"Based on the information available, DFPS took logical and prudent steps to protect the health and safety of Katie Wernecke and her siblings," said Darrell Azar, spokesman for the Department of Family and Protective Services. "The outcome of the appeal is mixed and the agency is reviewing its legal options."
Katie Wernecke's parents, Edward and Michelle Wernecke, sued the state worker and several others in 2007 alleging violations of their Fourth Amendment protections against unreasonable search and seizure.
In court documents, Edward Wernecke said he allowed the constables into his home but not Linda Kim Garcia, an investigative specialist with the state agency. They were looking for his daughter, who he said was not there.
Neither the Werneckes nor their lawyer immediately returned phone calls to The Associated Press for comment Thursday.
Katie Wernecke was diagnosed with Hodgkin's disease, a form of cancer affecting the lymph nodes, in January 2005. She underwent and responded well to chemotherapy. But court records show that in May 2005, her doctors recommended she also receive radiation treatments to prevent a reoccurrence. Her parents refused, so her doctor notified state protective services.
Garcia told Wernecke's mother that she needed to schedule an appointment for her daughter's radiation treatment. When the mother didn't make the appointment, Garcia requested and received an order from a Nueces County judge to take Katie Wernecke into protective custody.
In its opinion released Tuesday, the three-judge appeals court panel said Garcia was able to enter the home to look for Katie Wernecke without a search warrant because she had a court order to take the girl into protective custody. The U.S. District Court had rejected Garcia's argument that her actions were protected by the qualified immunity given to public employees acting in the course of their duties.

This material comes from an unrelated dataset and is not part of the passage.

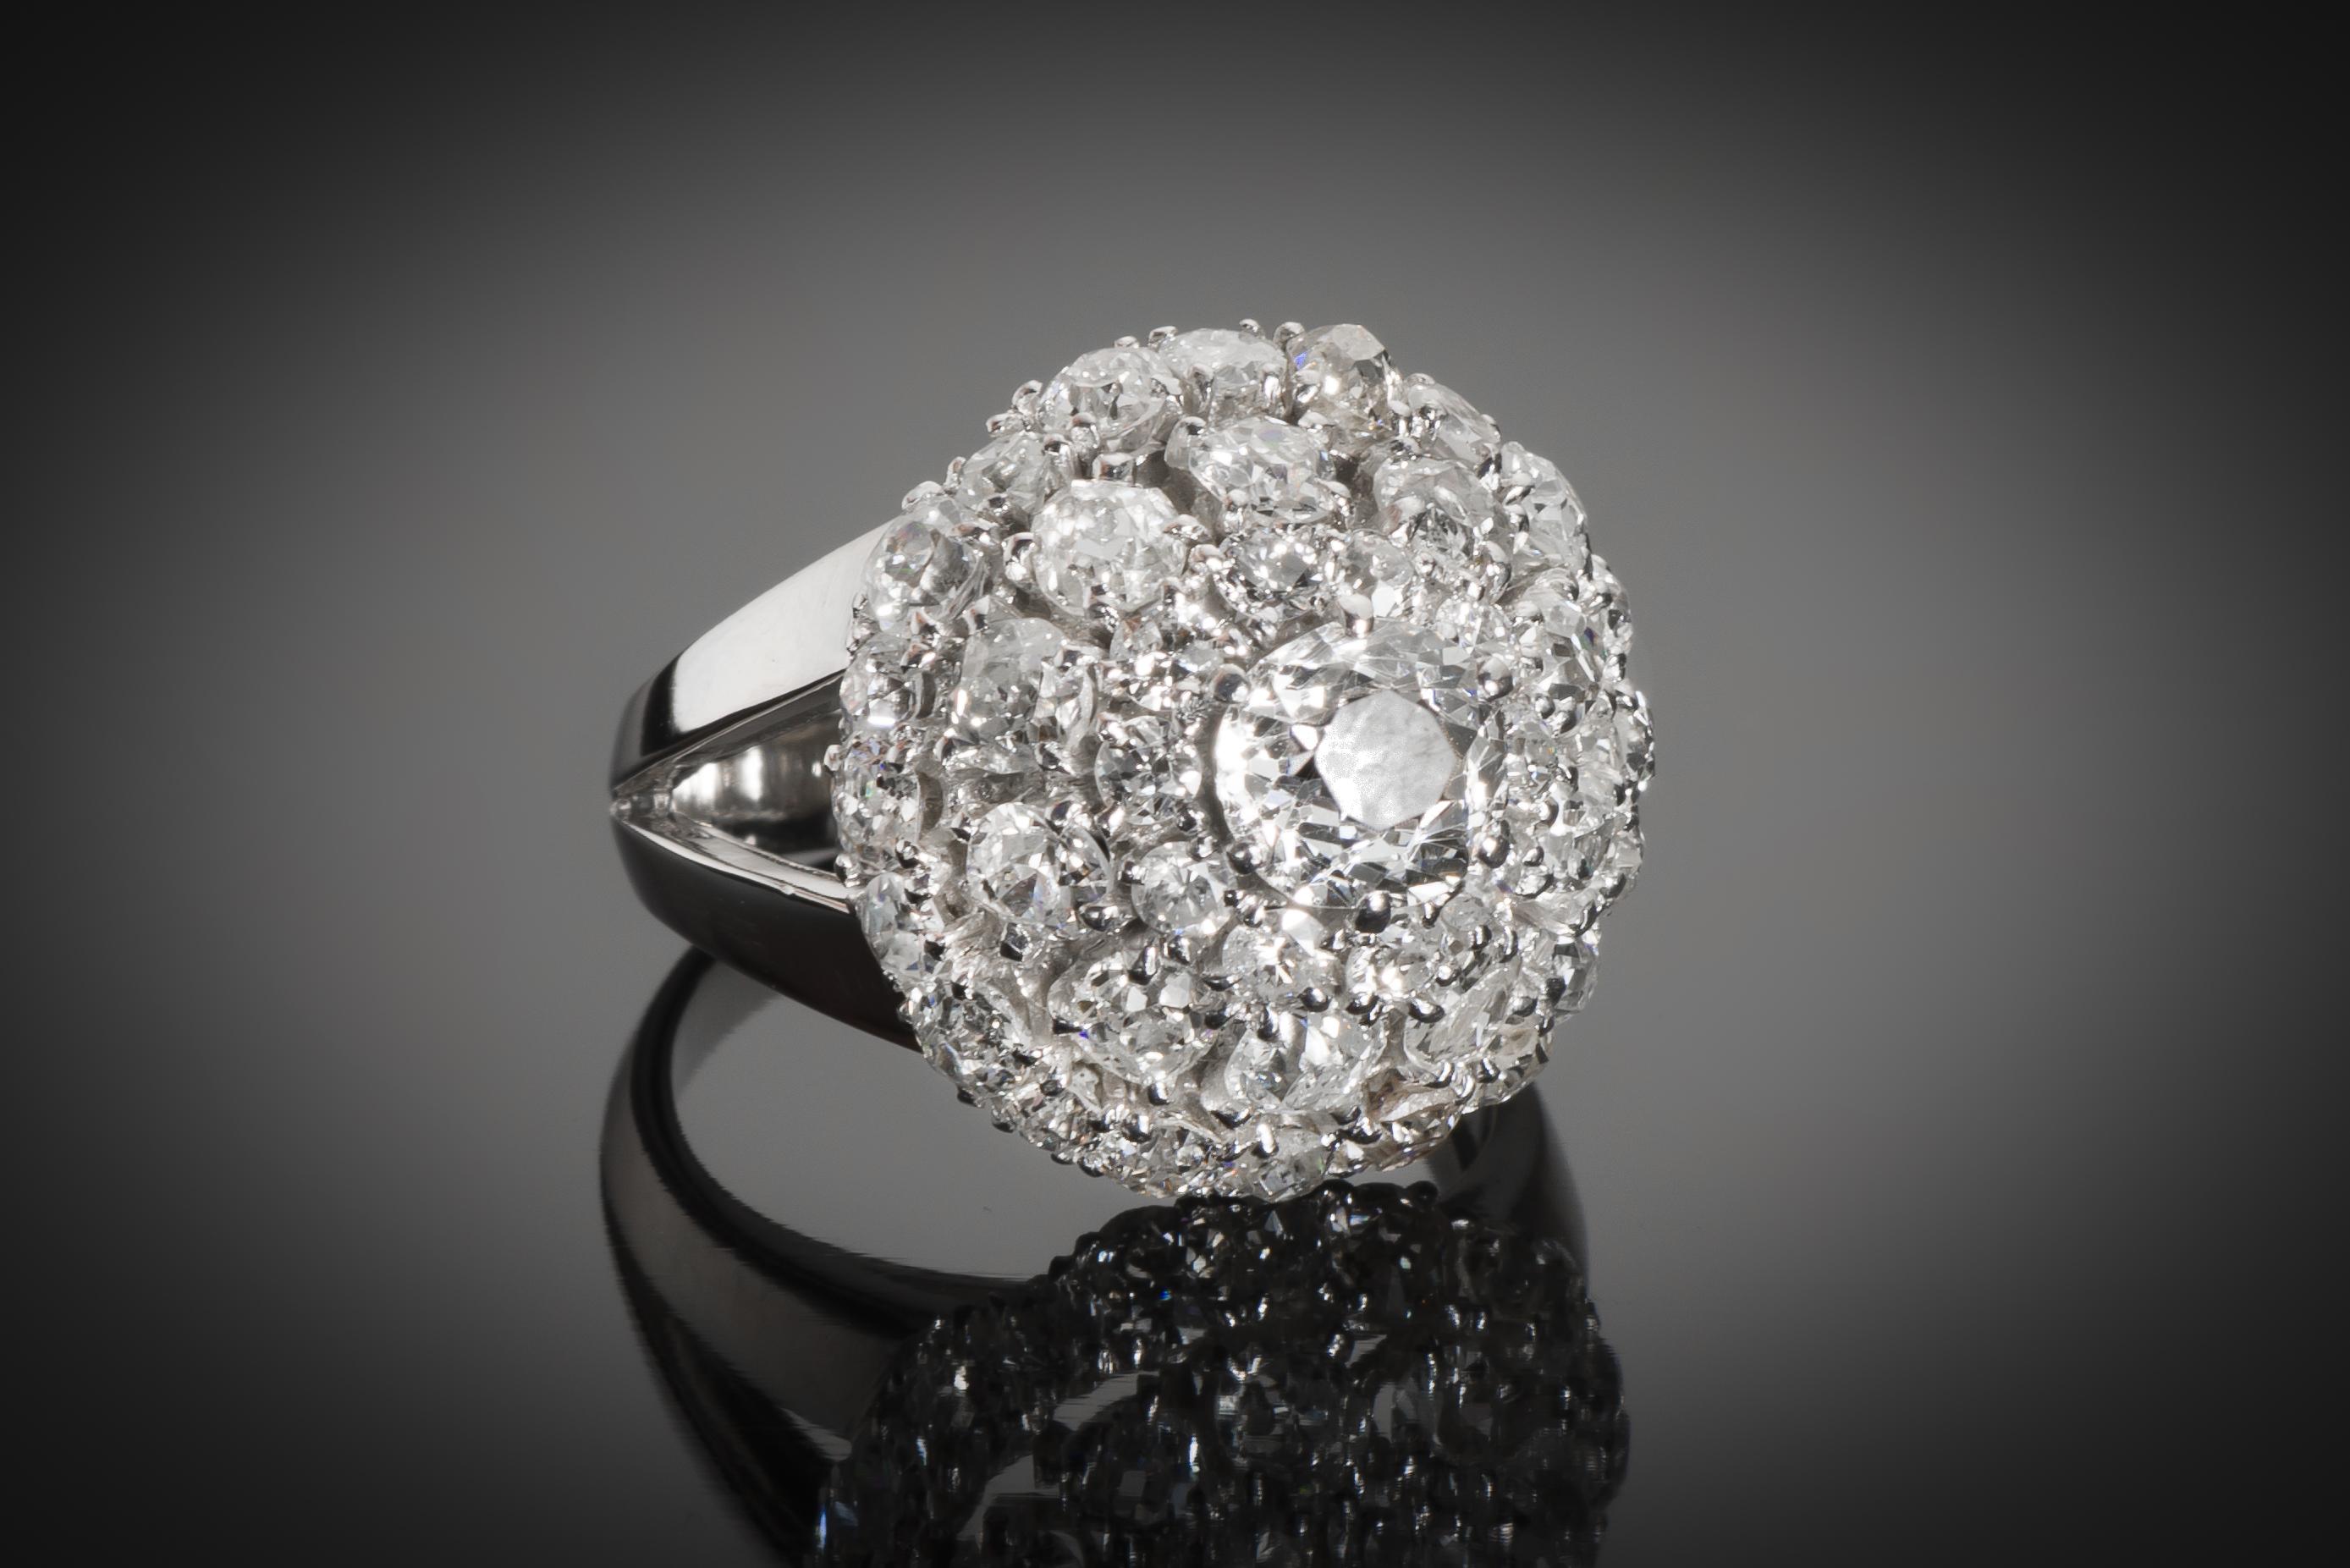 Bague Boucheron diamants vers 1950-1

Garcia found the Werneckes living in "deplorable" conditions, according to court records. Paper, food, trash and clothes sat in piles throughout the home, and medications and syringes were within the reach of children, the records show.

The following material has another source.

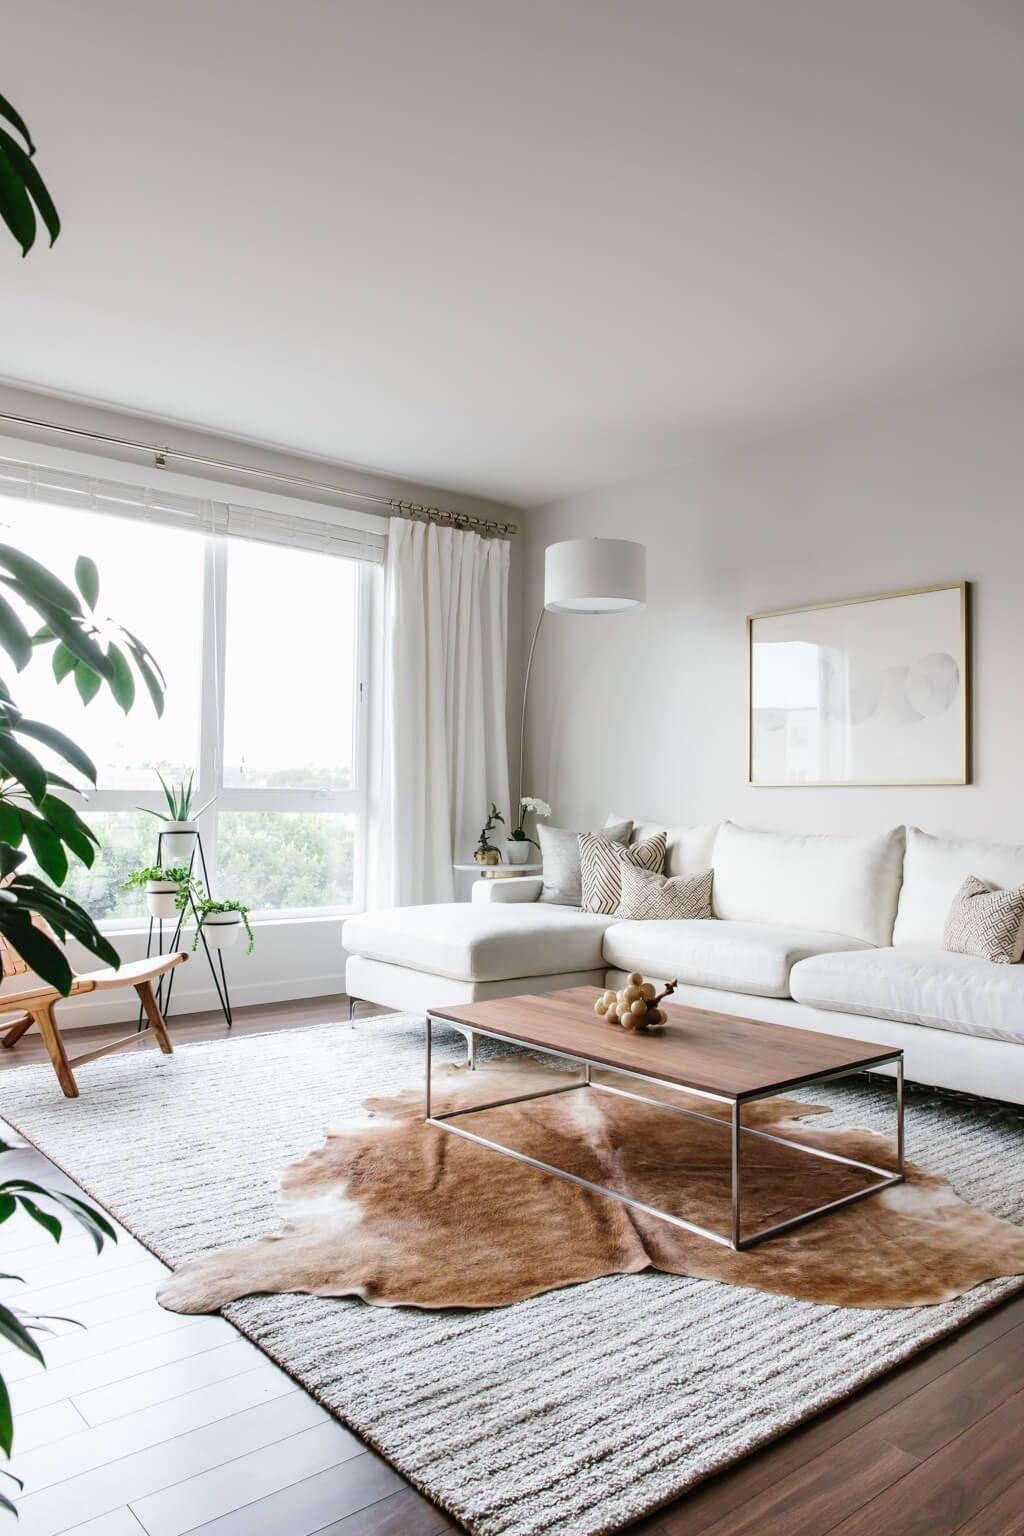 Take  tour of my modern and minimalist living room interior design style is blend minimalism mid century scandinavian socal vibes also dreamy minimal interiors gordijnen home decor rh pinterest

But the court considered Edward Wernecke's description of the home as merely "cluttered" and accepted his explanation that he had been in the process of preparing his daughter's various medications for the week when Garcia arrived.
Edward Wernecke refused to agree to a plan that would have allowed two of his sons to stay in the home if he cleaned it up. When the plan didn't happen and an attempt to take the boys to their grandparents' home failed, Garcia took the two boys into state custody with her supervisor's approval.
The appeals court affirmed the lower court's decision that Garcia did not have immunity from the allegation that she improperly took the two Wernecke boys.
"The warrantless seizure of the Wernecke boys -- in the absence of any imminent danger -- was a constitutional violation," the appeals judges wrote.
Investigators later learned that Katie Wernecke was hiding at a family ranch several hours away with her mother and youngest brother.
Finally, the appeals court ruled that Garcia's supervisor was not liable because she had only passed on a decision from her boss to seize the boys.